他和神崎惠理说明了一切,表示晚上会好好陪她,另外单独给长瀨月夜发送回来的消息。
等了一会儿,长瀨月夜又回来了。
“抱歉,一个人有些不自在,有你在身边的话可能会更舒心点。”北原白马说道。
“唔—”
长瀨月夜点点头。
“放心,我不会让你饿著的。”北原白马凝视著她的脸蛋说,“等结束后,我带你去吃好的。”
“没事,我说过我很閒。”
长瀨月夜將髮丝拢到耳后,笑著说,”而且你需要,不正是互助会的规则吗?我没有拒绝的道理。
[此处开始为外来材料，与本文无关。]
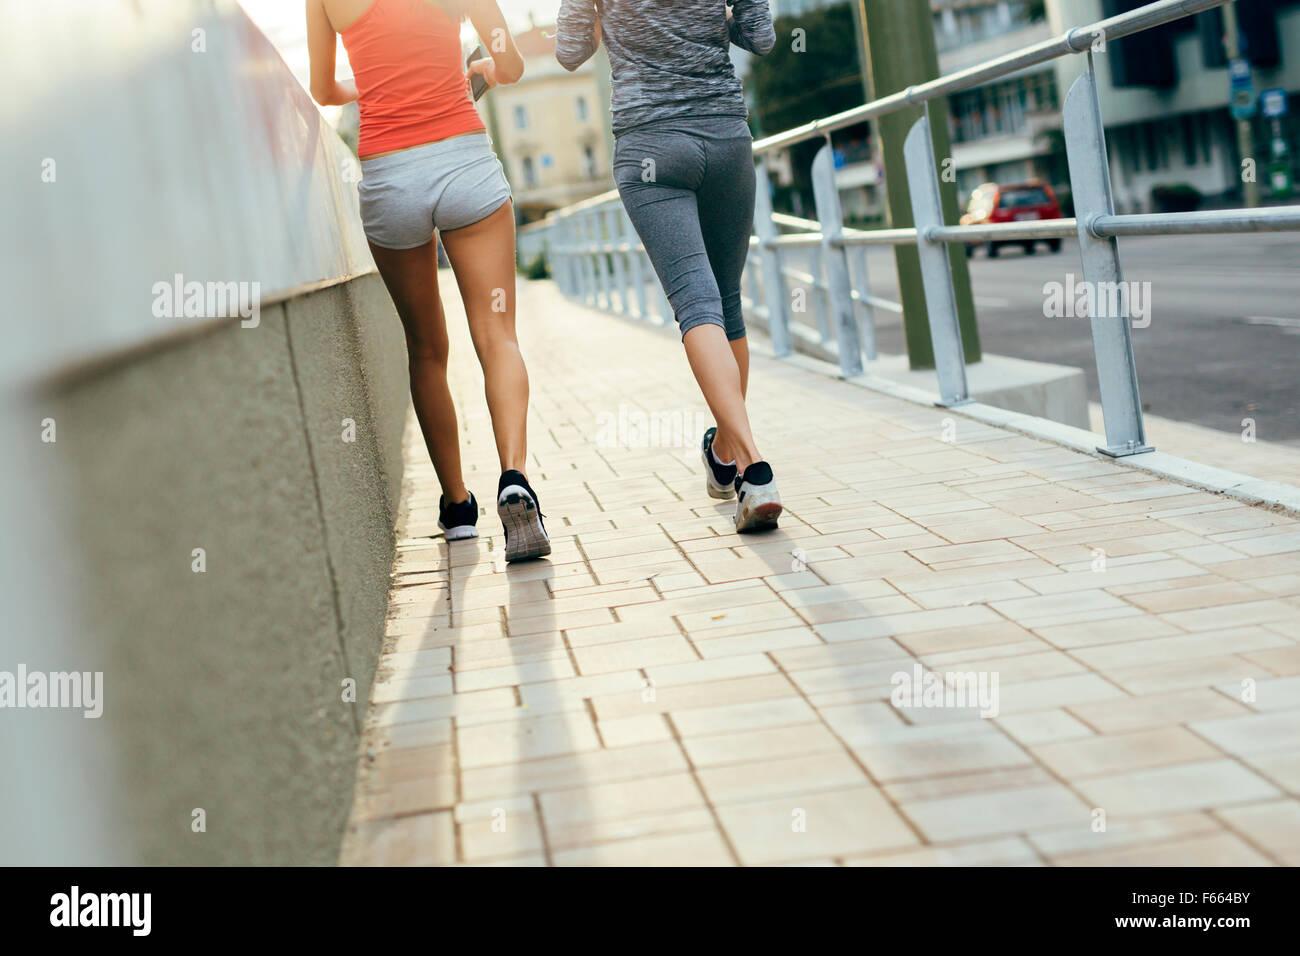 Zwei Frauen, die durch Joggen in der Stadt, während die Sonne untergeht Stockbild

”
“看来你比我还懂规则。”北原白马笑道。
白百合的微风拂过少女的脸颊,黑长髮轻轻摇曳,传来一阵让北原白马忍不住深深品尝的香气。
“和北原老师比起来,我还稚嫩的很。”
“果然在你的心里,我已经是个胸怀百计的坏人了。”
“北原老师,我可不觉得你胸怀百计,因为坏人是不会明目张胆地將目的说出来的。”
“我表现的很明显吗?”
“不清楚。”长瀨月夜扭过头,“我还是指导铜管?”
北原白马往楼梯上走:“我没想那么多,只想让你留下来。”
“6
”长瀨月夜没有说话,只是默默跟著。
社团大楼的楼梯间张贴著各种画报,五顏六色的顏料在纸面上,临募出各社团的特色。
回到吹奏部,又开始了新的指导。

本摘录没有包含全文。